Any advice about this would be greatly appreciated!

Allan, aka the sexblogger formerly known as Dr. Lust

The someone she needs to talk to is the investigating officer of the murders she has commited. This works quite well, or has in many similar stories. Just a thought.

As Always
I Am the
Dirt Man
 
drlust

Your question concerns the degree of erotic content for mainstream publishing.

If you are sufficiently advanced with the novel, search for a literary agent with a record for dealing with erotic fiction, push a synopsis out to them seeking guidance making it clear that you want to be published but need advice on the erotic content.

An alternative would be to describe the eroticism second hand, talking about to another party, I am thinking here of a lover or very close friend, it distances the reader from the action and requires a diffent structure that may convey the erotic content without necessarily the graphic detail.
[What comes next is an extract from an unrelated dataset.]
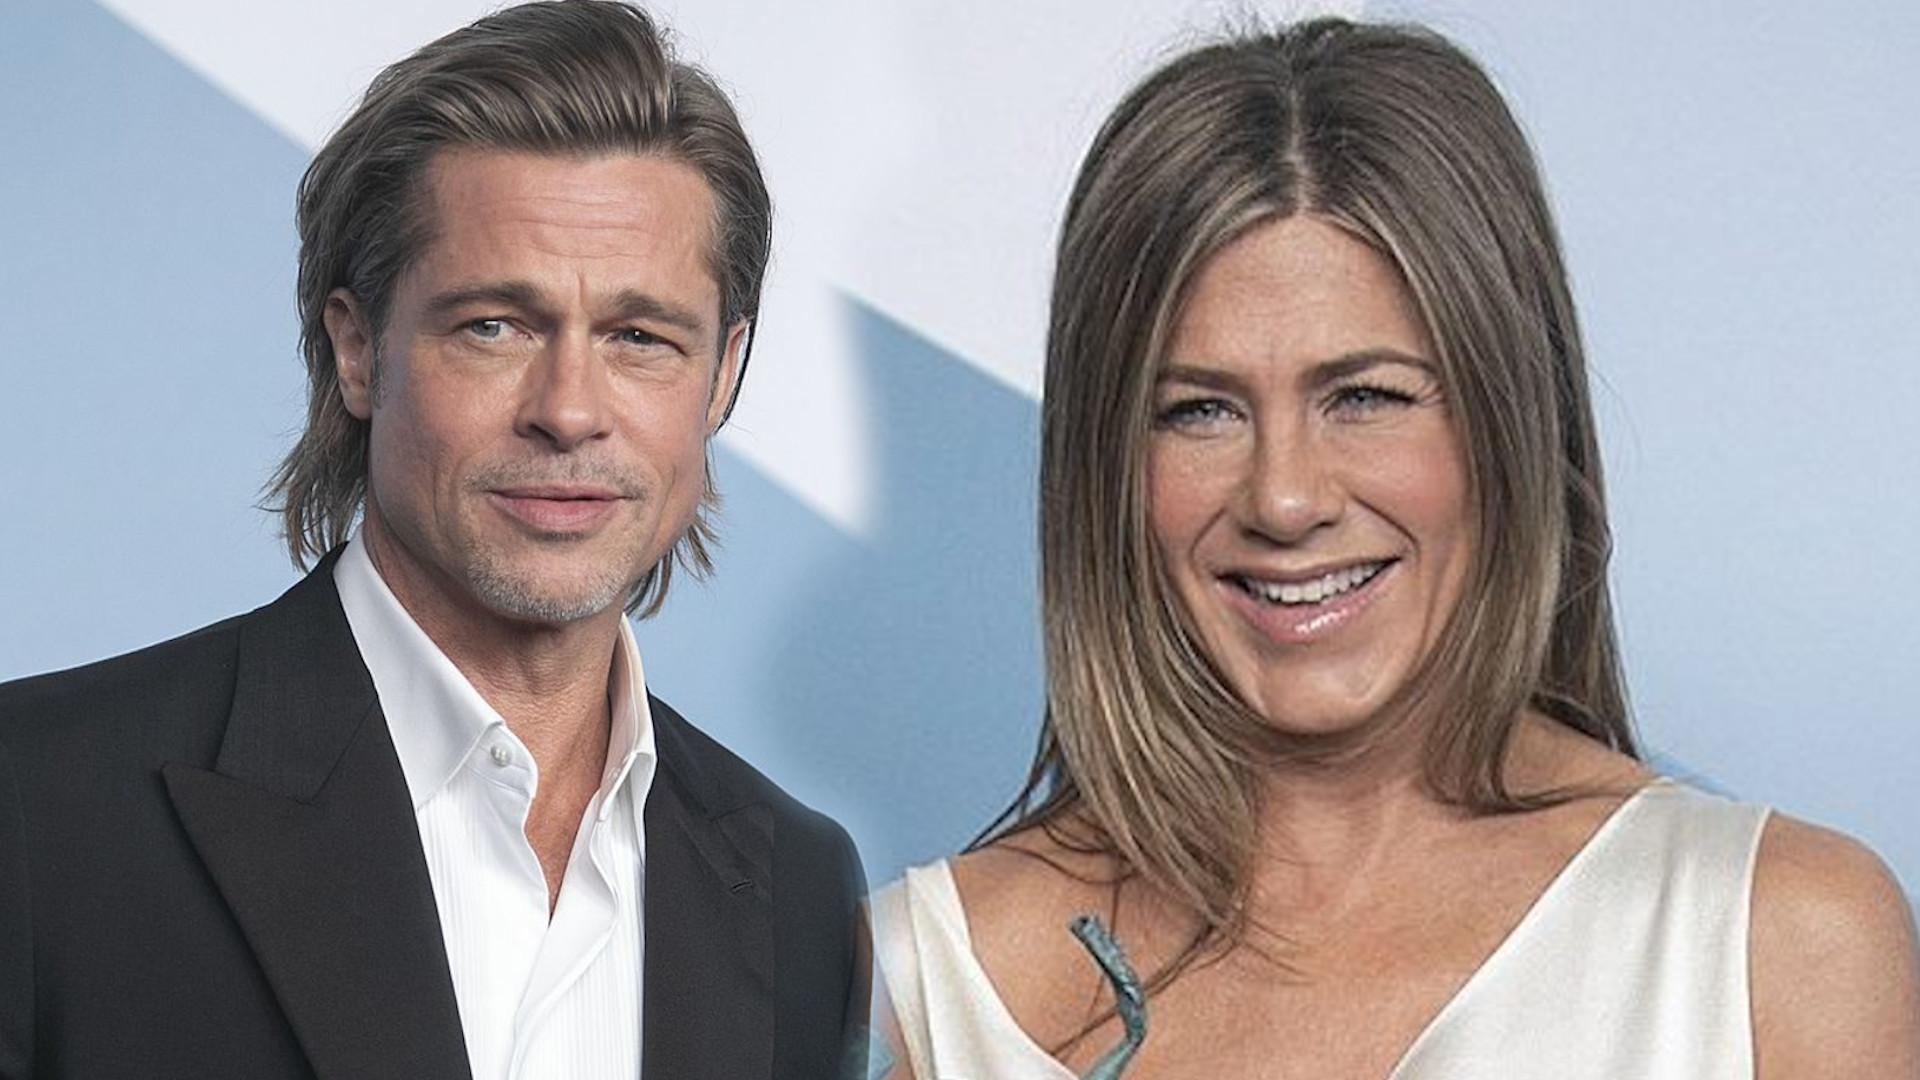 Jennifer Aniston i Brad Pitt będą razem pracować. Zgodzili się na udział we wspólnym projekcie

The introduction of a lover or close friend could add another dimensional tension to the story.

Just some thoughts.

Will's
 
drlust said:
What I'm seeking advice about is how far one can go with erotic description and still get published by a mainstream publishing house. At the moment, I think my descriptions of erotic moments in the novel -- she has sex with her victims before killing them -- are too explicit.

Mainstream authors can get away with a good deal of Erotic Content -- sometimes more than is good for the story, like Jane Auel's Earth's Children series.

I don't read many mysteries, but the Erotic content in Science Fiction, Fantasy, and mainstream Fiction has gotten to about where Romance Novels started out in the Sixties and Seventies.

What I have read in the Mystery genre has always struck me as "tamer" as far as erotic content than contemporary work in other genres. Idon't think mystery fans like anything to be very explicit except the detective's explanation of how he figured it all out at the end.

I'd say, "If you can't read it aloud on latee-evening TV, it's probably too explicit for Mystery fans."
 
My definition of pornography is that it's writing whose primary goal is to incite sexual excitement in the reader. It's not a hard and fast definition, but as a writer I think one knows when one's crossed the line into the realm of the cheap thrill and the purely prurient. If you're writing your sex scenes with an eye to incite, then you've probably gone too far for most straight-ahead mystery fans.

Sex is pretty mainstream these days, and is splashed about gratuitously even where it doesn;t really belong. I find that kind of embarrassing, not because it's sex, but because the writer seems to feel he has to get down there and do a little of the old in-and-out just to show he's with it. Kind of like violence in movies.

---dr.M.
 
Birds do it. Bees do it. EVen former Presidents do it.

The doctors Lust and Mabeuse managed a minor miracle by getting me to thinking. And what they got me to thinking about is sex-at least sex in mainstream books.

Former US President Jimmy Carter has just released a novel that, I've been told, has a "bedroom" scene. I suppose if a Baptist Sunday School teacher's doing that, so is everyone else.

Dr. Lust, IMHO, odds are your sex scenes won't get you published or rejected. If an agent/publisher likes the story and your writing, the sex scenes can always be "turned up" or "toned down" depending on the likely market.

By-the-by, has anyone read the book or that particular section of the Carter book? Is so, what did you think?